Reproducing Kernel Hilbert Space $\mathcal{H}$ is a commonly used vector space for Domain Adaptation [pan2010domain, venkateswara2017deep]. Hilbert Space is a complete metric space (in which every Cauchy sequence of points has a limit within the metric) represented by the inner product of vectors. For a non-empty set of data $\mathcal{X}$ , a function $K_{X}\!:\!\mathcal{X}\!\times\!\mathcal{X}\!\rightarrow\!\mathcal{R}$ is a reproducing kernel if:

\begin{cases}&k(\cdot,x)\in\mathcal{H}\;\;\;\forall\;\;\;x\in\mathcal{X}\\ &\left\langle f(\cdot),k(\cdot,x)\right\rangle=f(x)\;\;\;\forall\;\;\;x\in\mathcal{X},f\in\mathcal{H}\end{cases}

(7)

where $\left\langle a,b\right\rangle$ denotes the inner product of two vectors $a$ and $b$ , $k(\cdot,x)=K_{\mathcal{X}}$ for each $x\!\in\!\mathcal{X}$ , and $f$ is a function in $\mathcal{H}$ . The second equation in Eq. 7 is an expression of the reproducing property of $\mathcal{H}$ .

In order to utilize $\mathcal{H}$ for DA, we expand the kernel definition to two sets of data $\mathcal{X}$ and $\mathcal{Y}$ . The reproducing kernel can then be defined as:

K(\mathcal{X},\mathcal{Y})=\left\langle K_{\mathcal{X}},K_{\mathcal{Y}}\right\rangle_{H}

(8)

Here, $K_{\mathcal{X}}$ and $K_{\mathcal{Y}}$ are themselves inner product kernels that map $\mathcal{X}$ and $\mathcal{Y}$ respectively into their own Hilbert spaces, and $K(\mathcal{X},\mathcal{Y})$ is the joint Hilbert space kernel of $\mathcal{X}$ and $\mathcal{Y}$ . Note that $K(\mathcal{X},\mathcal{Y})$ is not the kernel commonly defined for CNNs.
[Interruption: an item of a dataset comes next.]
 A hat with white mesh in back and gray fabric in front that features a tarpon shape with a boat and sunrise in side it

Rather, it is the similarity function defined in kernel methods, such as is used by SVM techniques to calculate similarity measurements. Some recent methods [misiakiewicz2022learning, mairal2014convolutional, mairal2016end, chen2020convolutional] named it a Convolutional Kernel Network (CKN) in order to distinguish it from CNNs.
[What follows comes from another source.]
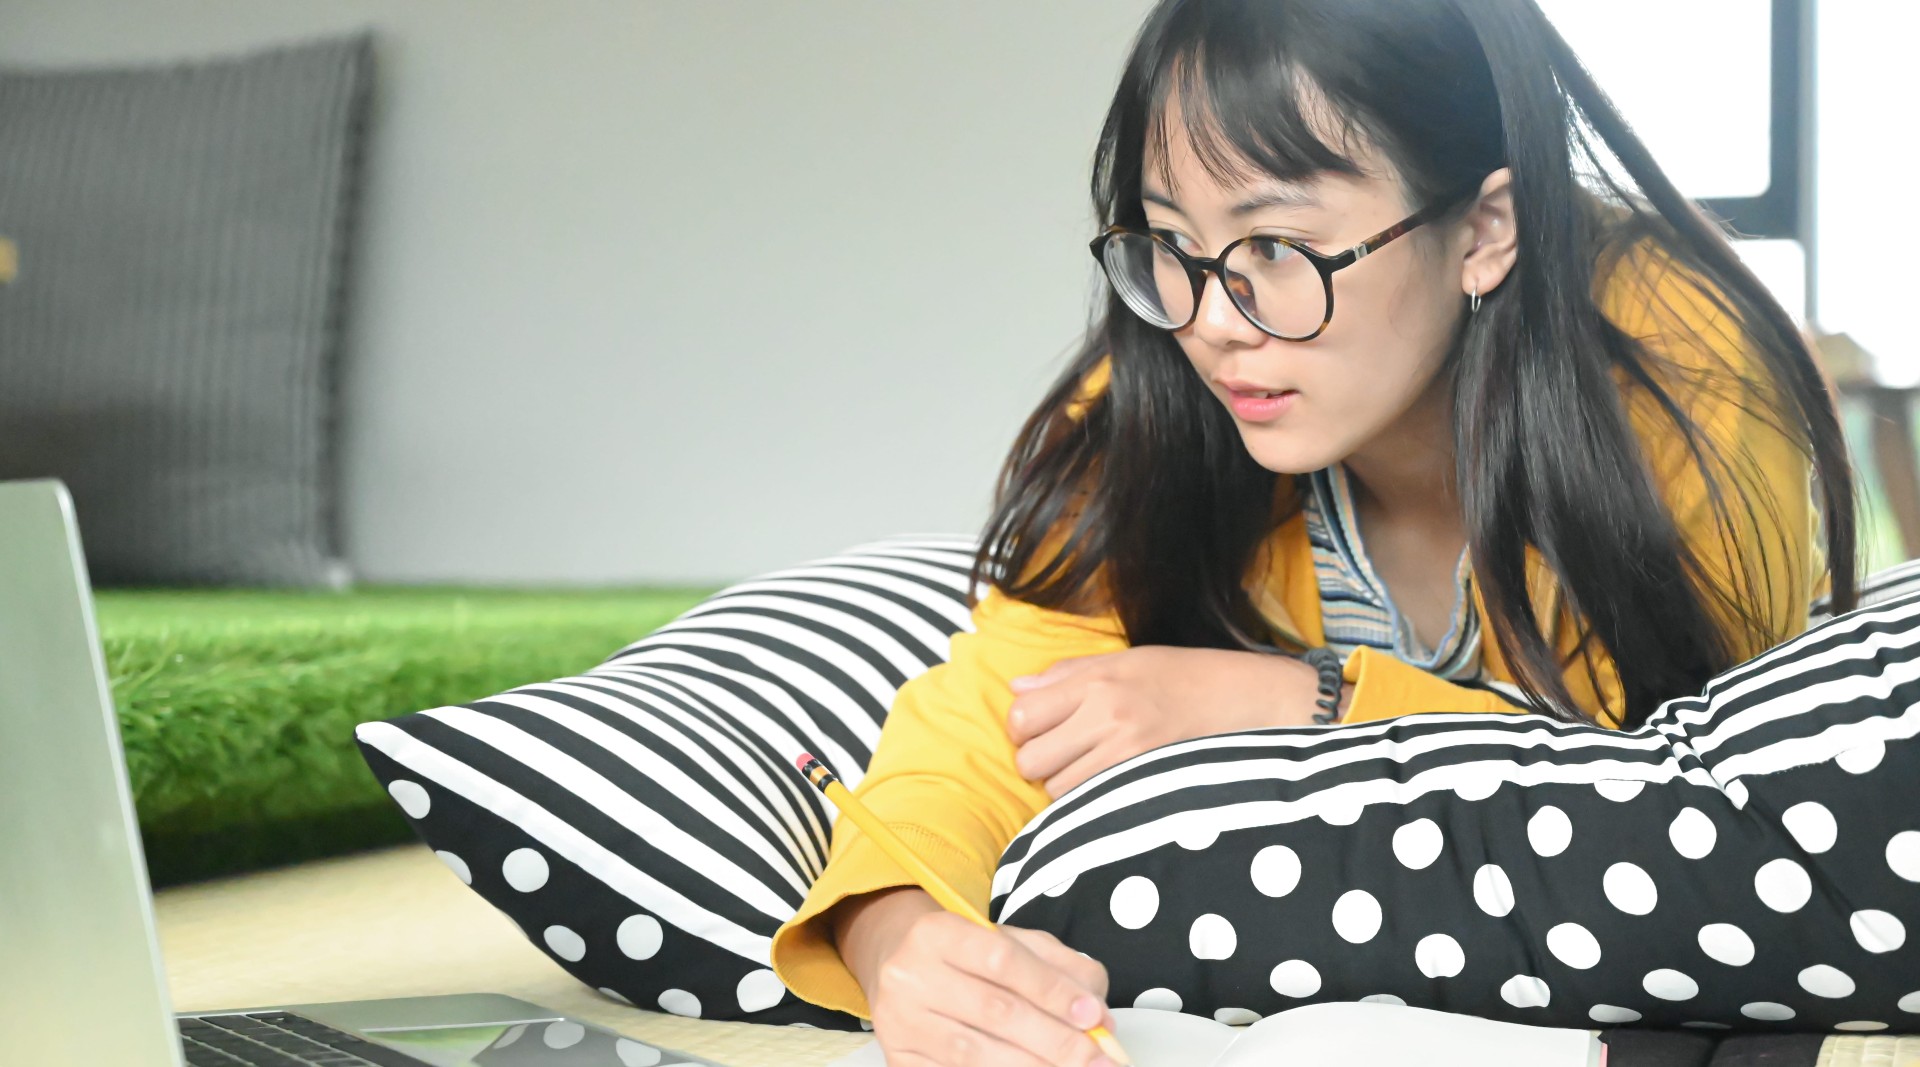 A young Asian woman with glasses is in a yellow sweater and is laying on her stomach on a black and white striped and polka dot pillow, as she works on her computer

Various kernels of CKN, such as the Gaussian Kernel [mairal2014convolutional], the RBF Kernel [mairal2016end] and the Inner Product Kernel [misiakiewicz2022learning], have been shown to be comparable to shallow CNNs for various tasks, especially for Domain Adaption. The most intuitive inner product kernel is mathematically similar to a fully connected layer, where trainable weights are multiplied by the input feature map. To allow the application of RKHS methods into our CNN based Adapter network $M_{A}$ , trainable weights are added to $K(\mathcal{X},\mathcal{Y})$ [liu2020learning]. The trainable Kernel $K_{w}(\mathcal{X},\mathcal{Y})$ can then be denoted as:

K_{w}(\mathcal{X},\mathcal{Y})=\left\langle\left\langle\mathcal{X},W_{\mathcal{X}}\right\rangle,\left\langle\mathcal{Y},W_{\mathcal{Y}}\right\rangle\right\rangle_{H}

(9)

where $W_{\mathcal{X}}$ and $W_{\mathcal{Y}}$ are trainable weights. By adding $W_{\mathcal{X}}$ and $W_{\mathcal{Y}}$ , $K_{w}(\mathcal{X},\mathcal{Y})$ still satisfies the RKHS constraints.
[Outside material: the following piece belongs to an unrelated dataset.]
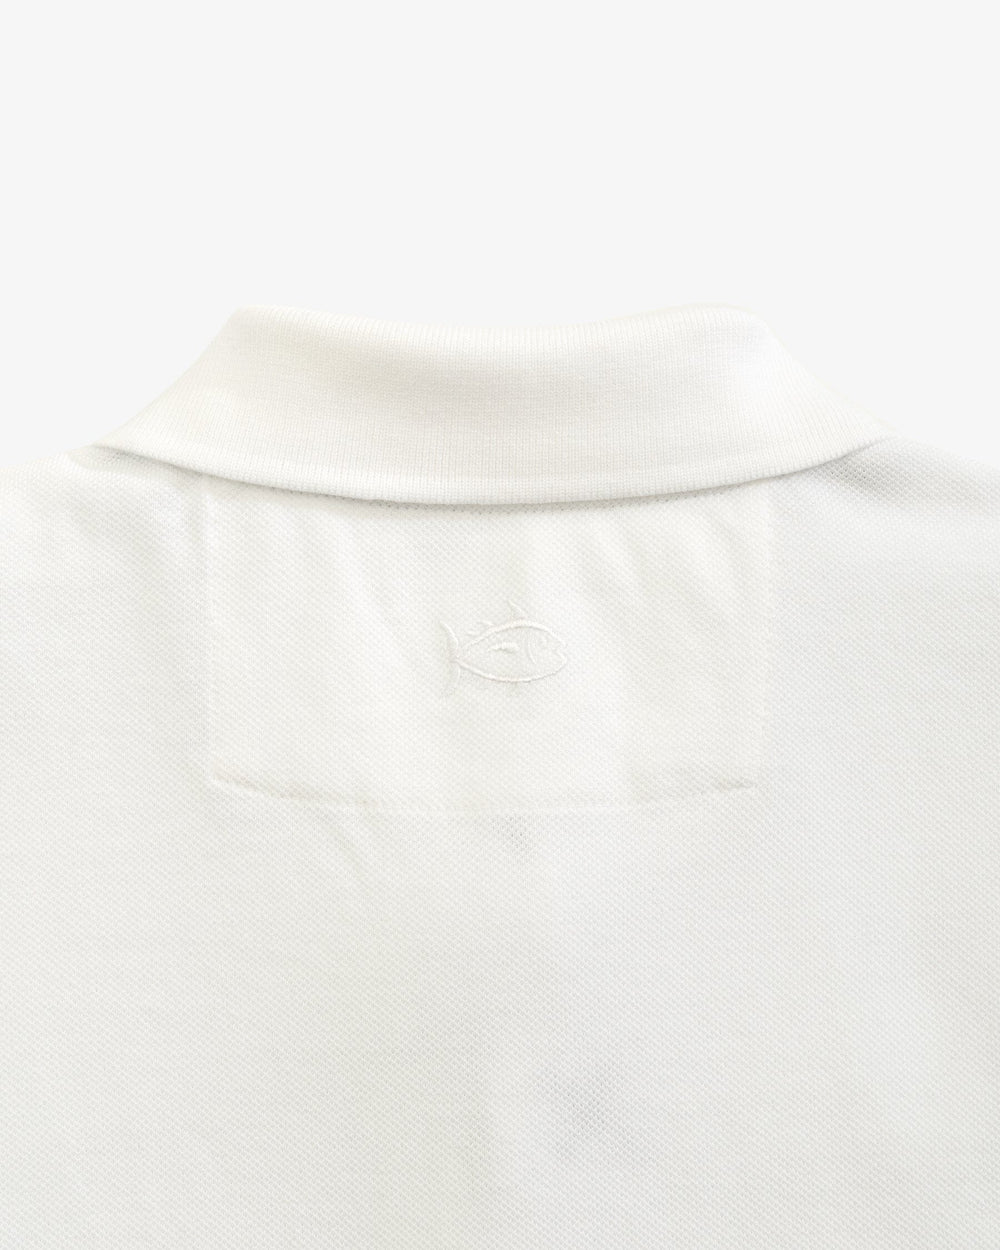 The yoke view of the Georgia Tech Yellow Jackets Skipjack Polo by Southern Tide - Classic White

The sim2real domain gap of feature maps $f$ being trained in $M_{rv}$ (with few real images and no real GT labels) are hard to measure using trivial distance metrics. In contrast, RKHS can be a more accurate and robust space for comparison, since it is known to be capable of handling high-dimensional data with a low number of samples [ghorbani2020neural, misiakiewicz2022learning]. To compare $(f_{syn/real},f_{real})$ in RKHS, a series of CNN layers encodes $(f_{syn/real},f_{real})$ into higher-dimensional features $(h_{syn/real},h_{real})$ , followed by the trainable $K_{w}(\mathcal{X},\mathcal{Y})$ . Once mapped into RKHS, $h_{syn/real}\!=\!\{sr_{i}\}_{i=1}^{m}$ and $h_{real}\!=\!\{r_{i}\}_{i=1}^{m}$ can then be measured by Maximum Mean Discrepancy (MMD), a common DA measurement [gretton2012kernel, liu2020learning], which is the square distance between the kernel embedding [gretton2006kernel]:

$\displaystyle MMD(h_{syn/real},h_{real})=\left[\frac{1}{m^{2}}\right.$	$\displaystyle\left(\left(\sum_{i=1}^{m}\sum_{j=1}^{m}{k_{w}(sr_{i},sr_{j})}\right.\right.-\left.\sum_{i=1}^{m}{k_{w}(sr_{i},sr_{i})}\right)$
	$\displaystyle-\left(\sum_{i=1}^{m}\sum_{j=1}^{m}{k_{w}(sr_{i},r_{j})}\right.-\left.\sum_{i=1}^{m}{k_{w}(sr_{i},r_{i})}\right)$	(10)
	$\displaystyle+\left(\sum_{i=1}^{m}\sum_{j=1}^{m}{k_{w}(r_{i},r_{j})}\right.-\left.\left.\left.\sum_{i=1}^{m}{k_{w}(r_{i},r_{i})}\right)\right)\right]^{0.5}$

where $k_{w}()$ is the feature element of $K_{w}()$ .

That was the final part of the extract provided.